This week in big data: Google, Hortonworks, HPE, Apache Spark and big data boost to the UK economy

It has been a busy week in the world of big data with Gartner holing its Business Intelligence and Analytics Summit in London and Hortonworks team up with HPE for Apache Spark upgrades.

To help everyone to stay up to date, CBR has compiled a round-up of some of the major happenings in big data this week.

1. Hortonworks, HPE & Spark

It may have been a busy week in the big data world but a lot of that can be attributed to Hortonworks.

Three key announcements came from the Hadoop vendor, firstly around Apache Spark and a partnership with Hewlett Packard Enterprise.

Advancements to Spark have come about after HPE Labs managed to optimise its "Shuffle Engine", which basically helps to sort data, by rewriting it in C++. This is said to improve performance by up to 15% for certain workloads.

HPE is planning to open source this code and it will work with Hortonworks to do this. Spark version 1.6 will also now be included in the Hortonworks Data Platform (HDP).

Hortonworks also made improvements to DataFlow, the company’s streaming data package will now include Apache Storm and Apache Kafka. This means that customer will no longer have to have subscriptions to both HDP and DataFlow when using Apache NiFi with Kafka or Storm.

Finally, Hortonworks is reducing the core components’ release cadence to once annually, aligning it with the Open Data Platform initiative.

The company is also releasing a new version of Apache Ambari with SmartSense. This is designed to make Hadoop more manageable, it has been described as a single pane of glass.

2. Gartner BI & Analytics Summit

At the start of the week Gartner held its Business Intelligence and Analytics Summit in London. The event featured speakers such as Frank Buytendijk, VP and Gartner Fellow, Chris Howard, VP Distinguished Analyst at Gartner and exhibitors such as Accenture, Cloudera, Salesforce, Oracle, SAS, Microsoft and many more.

As could perhaps be expected, the event focuses on the growth of the BI and analytics market, problems being faced, how to overcome challenges and numerous other topics.

Among those at the summit were the makers of World of Warcraft, Blizzard entertainment. The popular game maker was represented by Jon Gleicher, business and gameplay insights manager, Blizzard.

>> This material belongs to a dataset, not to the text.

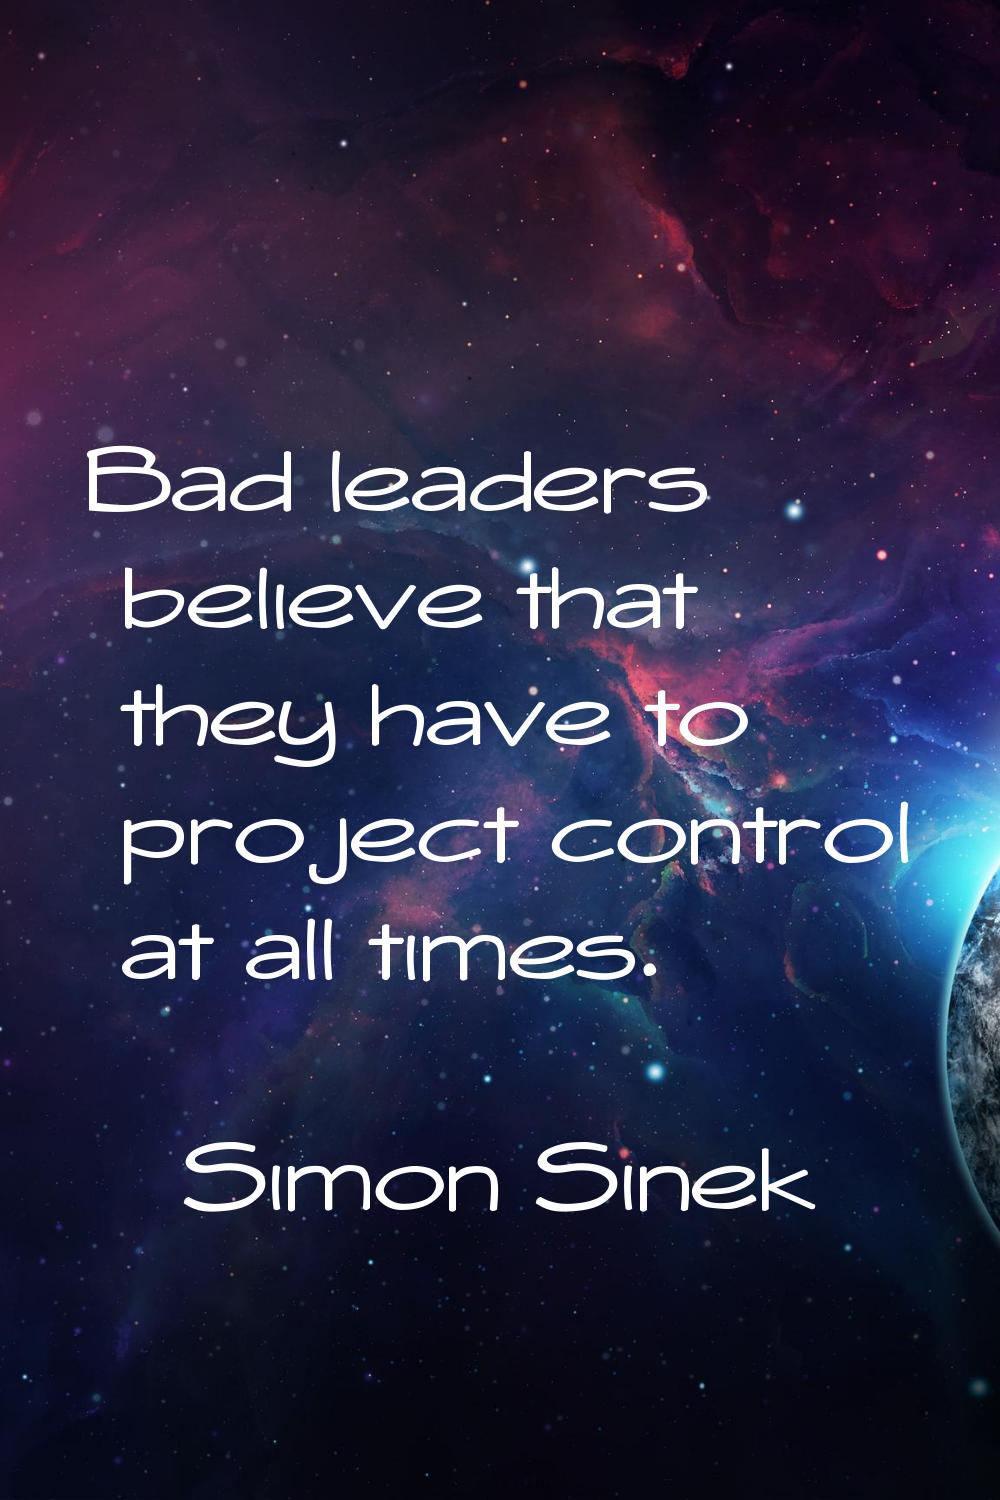 Bad leaders believe that they have to project control at all times.

Gleicher spoke about how the company is using data on gameplay insights in order to improve both game play and the business.
For example, the company is using Apache Kafka to gather gameplay data, store it in Hadoop with Cloudera and eventually analyse it in SQL or Python and visualise it in Tableau.

In addition to the use cases there is advice on things such as the steps to modernising BI and analytics.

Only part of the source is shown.